Endlich am richtigen Fluss geht es auch endlich weg von Maastricht. Erste kleine Trails locken und sind im Dunkeln direkt am Fluss oft etwas überraschend. Über die ersten 2-3 Stunden des Weges lässt sich sagen: nicht zuviel Trail, viele etwas breitere Wege – perfekt im Dunkeln zu laufen und wir kommen sehr schnell voran. Überrascht und verzaubert werden wir zwischen KM 21 und 25 vom nächtlichen Valkenburg mit seinen alten, beleuchten Bauten, Burgen und Parkanlagen und den Höhlen in der Umgebung. Muss wohl ein Ausflug bei Tageslicht wert sein!

P1090736 P1090733

Weiter geht es gen Osten und pünktlich ab 4 Uhr sieht man am Horizont neben der wunderbaren Mondsichel, die ersten Anzeichen von Morgendämmerung. Es eine ganz besondere Stimmung in dieser Zeit vor dem Sonnenaufgang. Der kälteste Punkt der Nacht, oft begleitet von einem leichten Wind, als würde die Natur nochmal durchatmen und dann wird es plötzlich laut – die Vögel beginnen mit ihrem Gesang. Für uns beginnt die schwerste Stunde. Die Müdigkeit schlägt mit voller Kraft zu und als wir um 5 Uhr eine Bank zu einer ersten größeren Essenpause nutzen, wünschen wir uns beide hier sitzen bleiben zu können und den Sonnenaufgang zu bewundern.

P1090739 P1090741

Wir laufen dann doch weiter, aber in dem Moment fühlt es sich so an als sein die Party vorbei. Wie passend das wir in den Niederlanden sind und die interessante Ortsnamen mögen:

P1090743

Die aufgehende Sonne bringt dann nach dieser langen Stunde die Lebensgeister etwas zurück. Zudem kommen wir langsam in die Regionen an der Göhl, die wir von unserem Göhl_Marathon schon kennen. Das gibt nochmal etwas mehr Kraft. Wir fangen wieder an mehr zu reden, über verrückte Läufe und noch verrücktere Läufer, essen regelmäßiger und erreichen auch bald die eigenartigste VP der Welt. Ein unendlich langer Klärwerkszaun mit perfekt reifen Johannisbeeren. Traurig, dass wohl niemand diese Pracht ernten wird, bedienen wir uns!

P1090750 P1090751

Es läuft wieder besser, es ist hell, die Trails in dieser tollen Gegend fordern volle Konzentration. Die Göhl ist ein wirklich schöner Fluss gerade auf seinen ersten Kilometern.
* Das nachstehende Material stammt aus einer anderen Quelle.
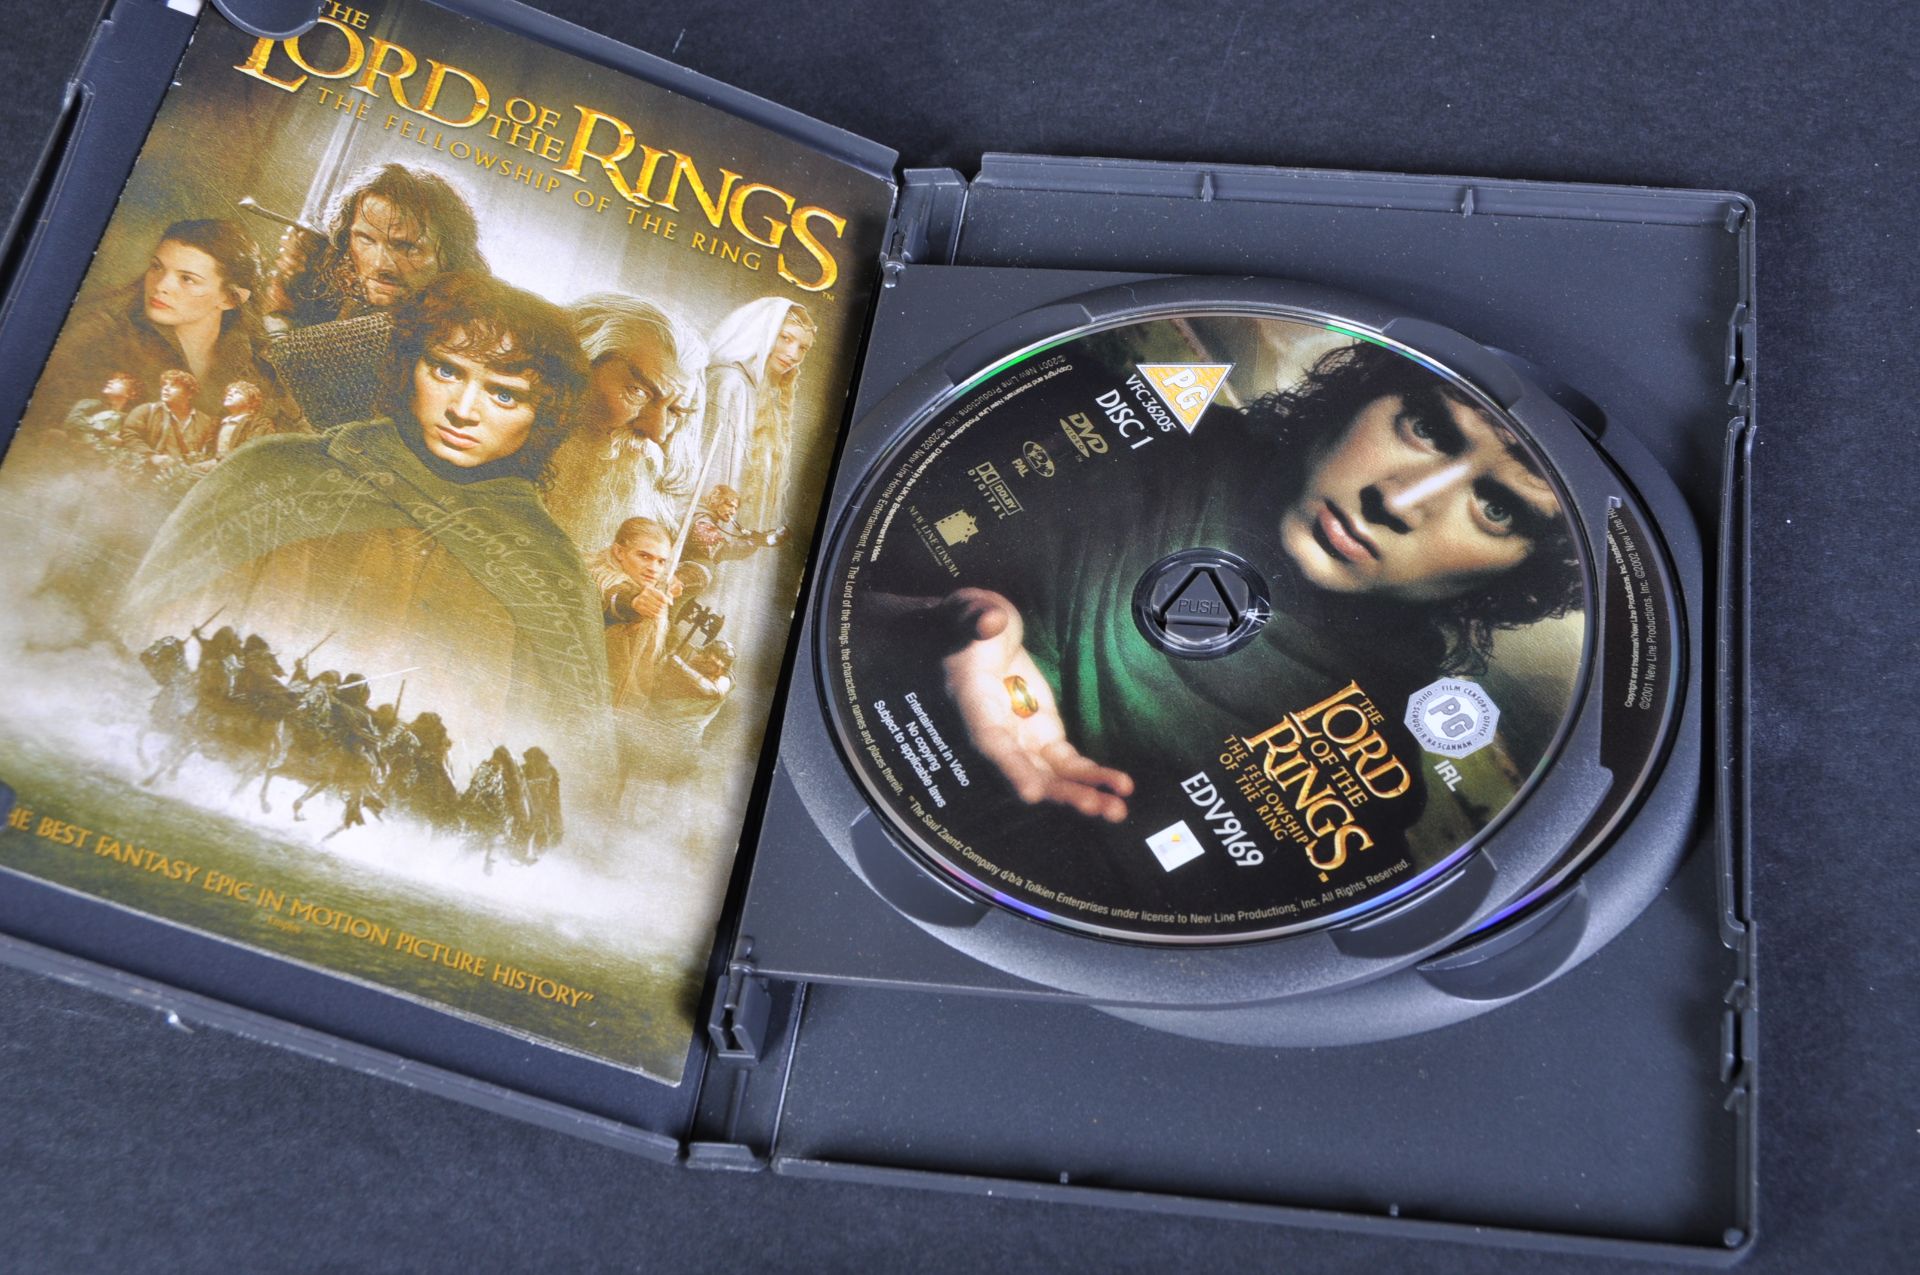 LORD OF THE RINGS - THE FELLOWSHIP OF THE RING - SIGNED DVD - Image 5 of 5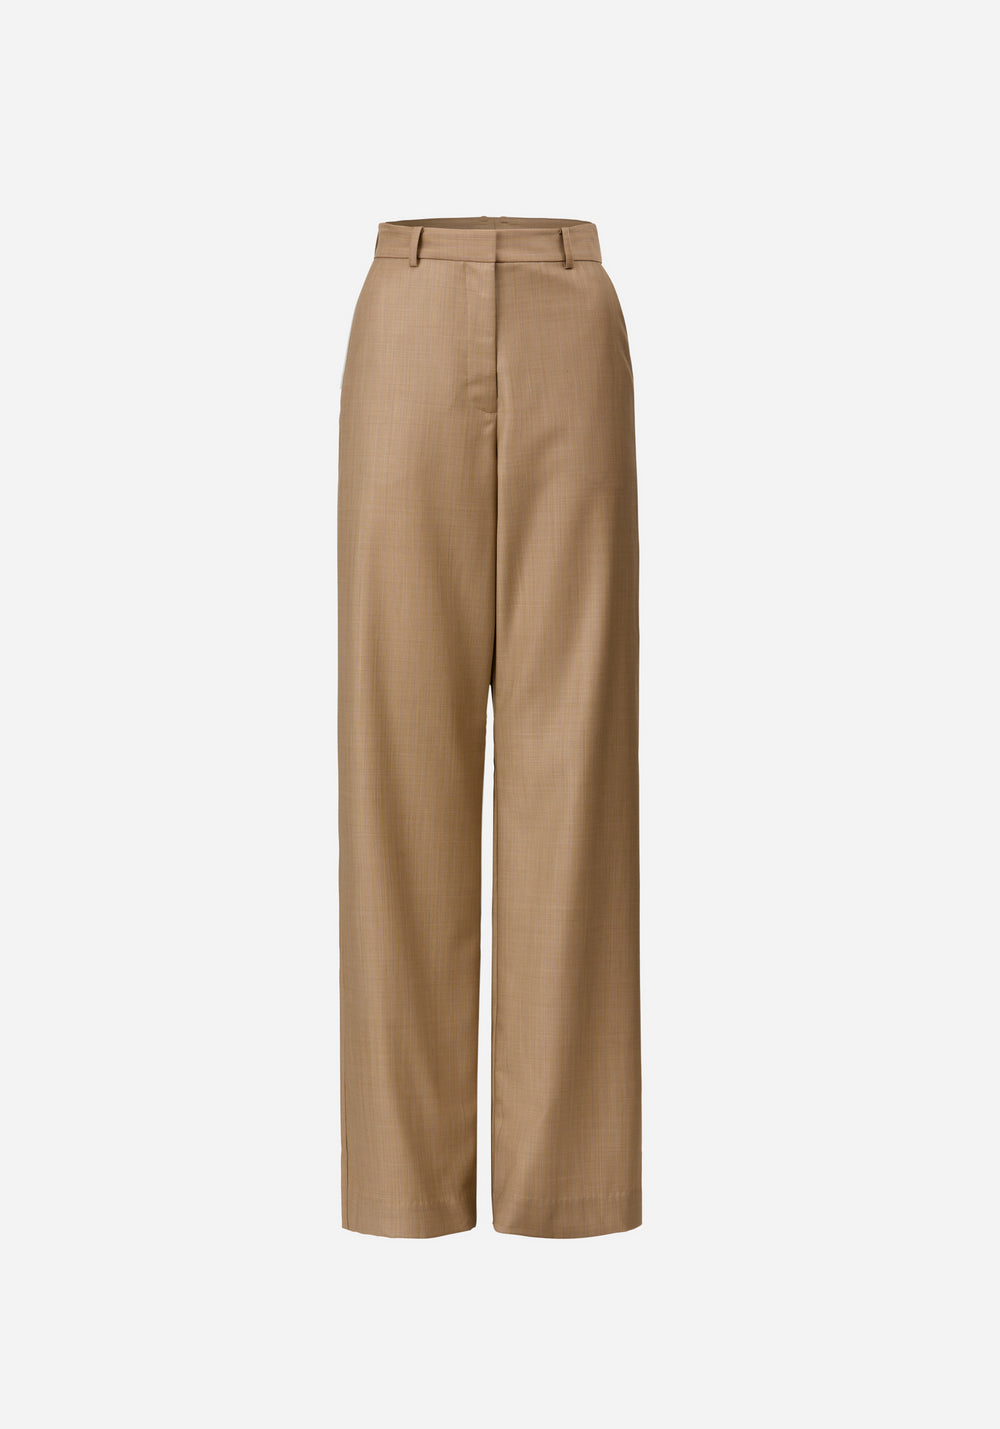 Pin on Trousers

P1090753 P1090756 P1090759

Es geht, wie immer in Belgien, quer über Wiesen und durch unzählige sinnvoll wie schwachsinnige Drehkreuze vorbei an Kühen, Bullen und Schafen, die mehrheitlich noch schlafen wollen. Noch schnell über den Beschissenberg, die Grenze nach Deutschland und hin zum Quellgebiet. Kaputt aber glücklich erreichen wir die Region der Quelle – ein echter Ursprung ist auch hier, wie schon bei der Inde, nicht zu sehen.

P1090762 P1090763

Die letzten 6 km durch den Aachener Wald – müde und glücklich. Gott sei Dank kennen die Füße und die Schuhe jede Wurzel. Laufen wie es sein sollte. Absolut erschöpft und doch noch unterwegs, der Kopf absolut leer und doch voller neuer Ideen für weiter Läufe und in Gedanken an das was noch kommt. Mit dem Gefühl der Erschöpfung sehen wir die kommenden Deutschen Meisterschaften im 24 h Traillaufen nochmal aus einem anderen Blickwinkel. Die wiedergefundene Kraft trotz großer Erschöpfung, die freiwerdende Energie, die hinter der großen Müdigkeit hervorkommt geben Hoffnung und Mut für neue Abendteuer. Dann ist es geschafft. Der nächste Fluss abgehakt. Mit 8:20 h und 68 km eine schöne Strecke, die sich im Sommer einfach nur perfekt mit dem letzten Bus nach Maastricht beginnen lässt. Das war sicher nicht unser letzter Lauf an der Göhl!